In still another essay (“The Poet & the City”) in The Dyer's Hand, Auden distinguished between “two kinds of political issues, Party issues and Revolutionary issues.”  Regarding the latter he wrote, “There is only one genuine world-wide revolutionary issue, racial equality.”  Almost all other issues, however, he placed into the other category.  “In a party issue, all parties are agreed as to the nature and justice of the social goal to be reached, but differ in their policies for reaching it. . . .  On a party issue it is essential that passions be kept at a low temperature. . . . Rival deputies should be able to dine in each other’s houses; fanatics have no place in party politics.”  Auden thought that what was “so terrifying and immeasurably depressing about most contemporary politics” was the failure to admit that most issues were party issues, “to be settled by appeal to facts and reason.”

As I pointed out in an earlier essay on this site, President Obama eloquently expressed similar sentiments in his University of Michigan Commencement Speech (May 1, 2010).  The president also shares something else with Auden, an admiration for the ideas of theologian Reinhold Niebuhr (1892-1971), who was a good friend of Auden and is one of Obama’s favorite thinkers.  In the present political climate of incivility, perhaps it would be good to keep in mind some sentiments shared by Auden but contained in a Niebuhr essay on humor and faith.

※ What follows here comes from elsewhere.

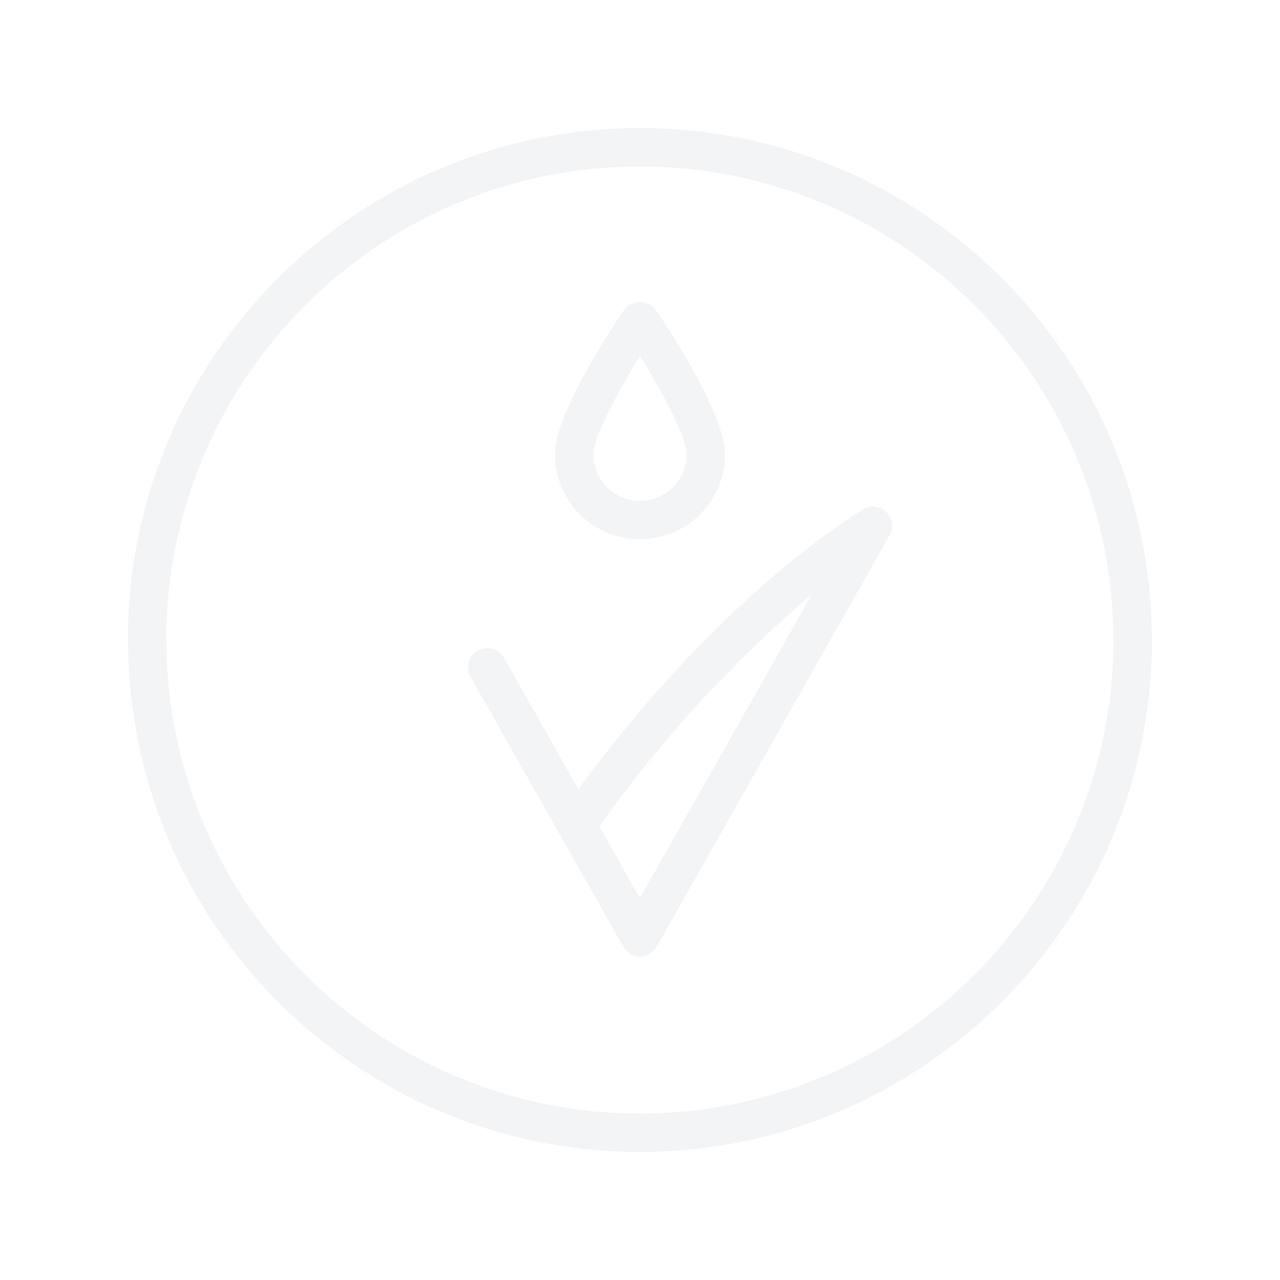 COLLISTAR Cleansing Foam-Cream очищающамй крем-пенка 150ml

All men betray moods and affectations, conceits and idiosyncrasies, which could become the source of great annoyance to us if we took them too seriously.  It is better to laugh at them.  A sense of humor is indispensable to men of affairs who have the duty of organizing their fellowmen in common endeavors.  It reduces the frictions of life and makes the foibles of men tolerable.  There is, in the laughter with which we observe and greet the foibles of others, a nice mixture of mercy and judgment, of censure and forbearance.

Niebuhr thought that meeting “the disappointments and frustrations of life, the irrationalities and contingencies with laughter, is a high form of wisdom,” and that our humor should reflect another quality that often seems lacking in our political discourse—humility.

Humor is a proof of the capacity of the self to gain a vantage point from which it is able to look at itself.  The sense of humor is thus a by-product of self-transcendence.  People with a sense of humor do not take themselves too seriously. . . . All of us ought to be ready to laugh at ourselves because all of us are a little funny in our foibles, conceits and pretensions.  What is funny about us is precisely that we take ourselves too seriously.

In one of his Shakespeare essays contained in The Dyer’s Hand, Auden indicated that “laughing and loving have certain properties in common, and that “real laughter is absolutely unaggressive.”  A few years before his death, he wrote that “man is the only creature who laughs.  True laughter is not to be confused with the superior titter of the intellect, though we are capable, alas, of that, too.”  When he was still a young man, he had, with a touch of humor, written, “My deepest feeling about politicians is that they are dangerous lunatics to be avoided when possible and carefully humored.”  Always appreciative of multi-word meanings—he loved looking through the Oxford English Dictionary—he might not have minded one saying that for the rest of his life he continued to believe that politics and politicians should be “humored.”